Nestle spokesman Brian Flaherty said the industry is being unfairly singled out, since it is only one of many commercial sectors that use and export water. More Great Lakes region water goes into soda and beer cans, he said.

“How do you define a product?” he asked. “Water goes into beer in Wisconsin and radiators in Detroit. Why would you have a separate standard for bottled water versus soda?”

Bottled water accounts for less than 0.02 percent of groundwater withdrawals nationally, according to a 2004 University of Maryland study cited by the International Bottled Water Association. Fourteen times as much bottled water is imported into the Great Lakes basin than is exported, a U.S.-Canadian commission reported in 2000.

But opponents of bottled water say soda and beer are different because the water is consumed in making something else, whereas they view Nestle as taking a public good, paying very little for it, and making a profit on it.

They also fear that since the compact officially treats water as a “product,” the door could be opened to further commercialization and sale. It was such fears that in 1998 launched the process that led to the compact, after the tiny company Nova Group obtained a permit from the Ontario government — later withdrawn — to ship up to 158 million gallons of Great Lakes water per year to Asia.

Rep. Bart Stupak (D-Mich.), who led opposition to the compact because of the bottled-water loophole, has requested comments from the Office of the U.S. Trade Representative and the State Department about how international trade issues will play out.

“Call me all wet, but I say, why don’t we get the answers? Why are we rushing this?” he said.

Anu Bradford, a University of Chicago law professor, said international trade law cannot force a country to extract its natural resources — such as water “in its pristine form in a lake.” But once it is bottled and becomes itself a product, she said, trade agreements would prevent a ban on exports.

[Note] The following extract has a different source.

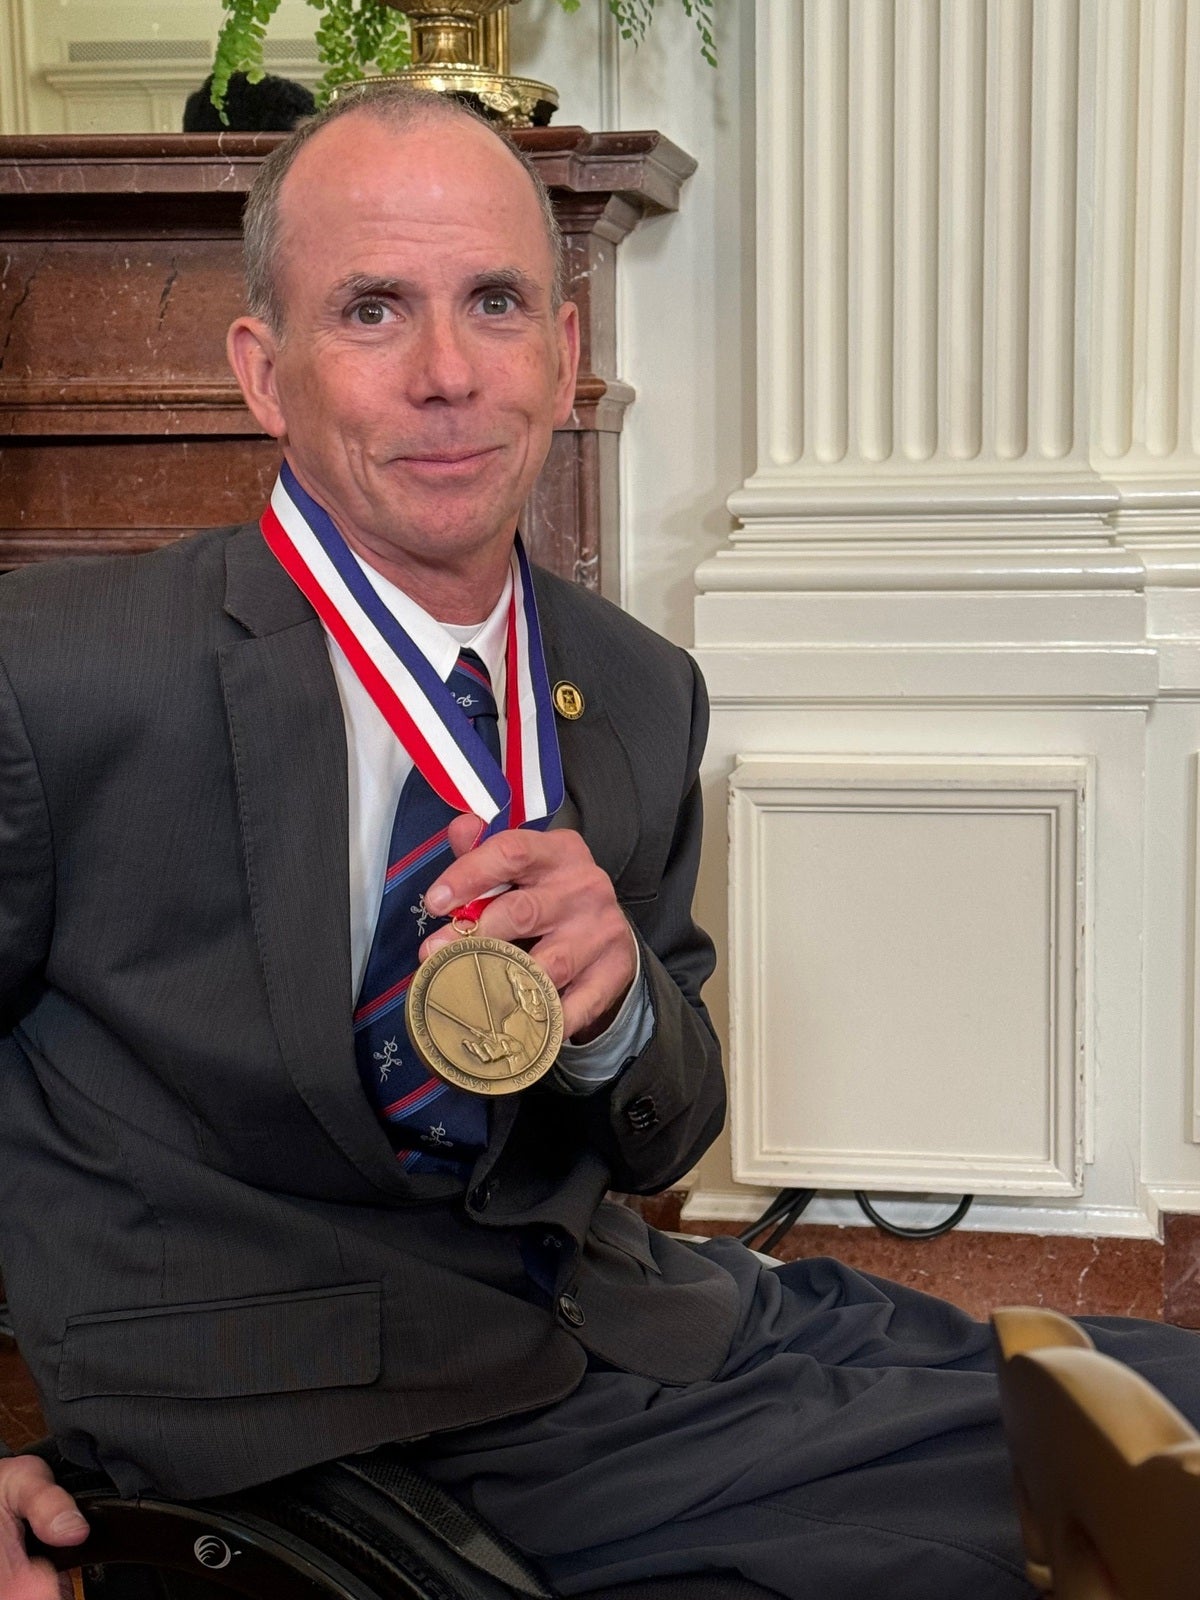 Cooper at the White House ceremony with his National Medal of Technology and Innovation. Photo by Rob Rutenbar.

“How do we decide when water is a product?” she asked. “Under the WTO and NAFTA, there is no obligation for a state to extract its natural resources. The difference comes when it makes the decision to allow an entity to commercialize it and they do commercialize it. Then it is a product and you can’t ban the export.”

Doug Roberts Jr., director of environmental and energy policy at the Michigan Chamber of Commerce, agrees.

“We think it’s critical that you are able to make products and ship them all over the world,” Roberts said. “That’s what you do in a free-market economy. We were very concerned groups would target one product and say that product can’t be shipped. What’s the difference between bottled water and beer or cherry juice? Those all have water in them.”

Nestle is the biggest water bottler in Michigan but not the only one. PepsiCo and Coca-Cola bottle Detroit municipal water for their Aquafina and Dasani brands, respectively. Coca-Cola and PepsiCo have water-bottling plants in Quebec and Ontario.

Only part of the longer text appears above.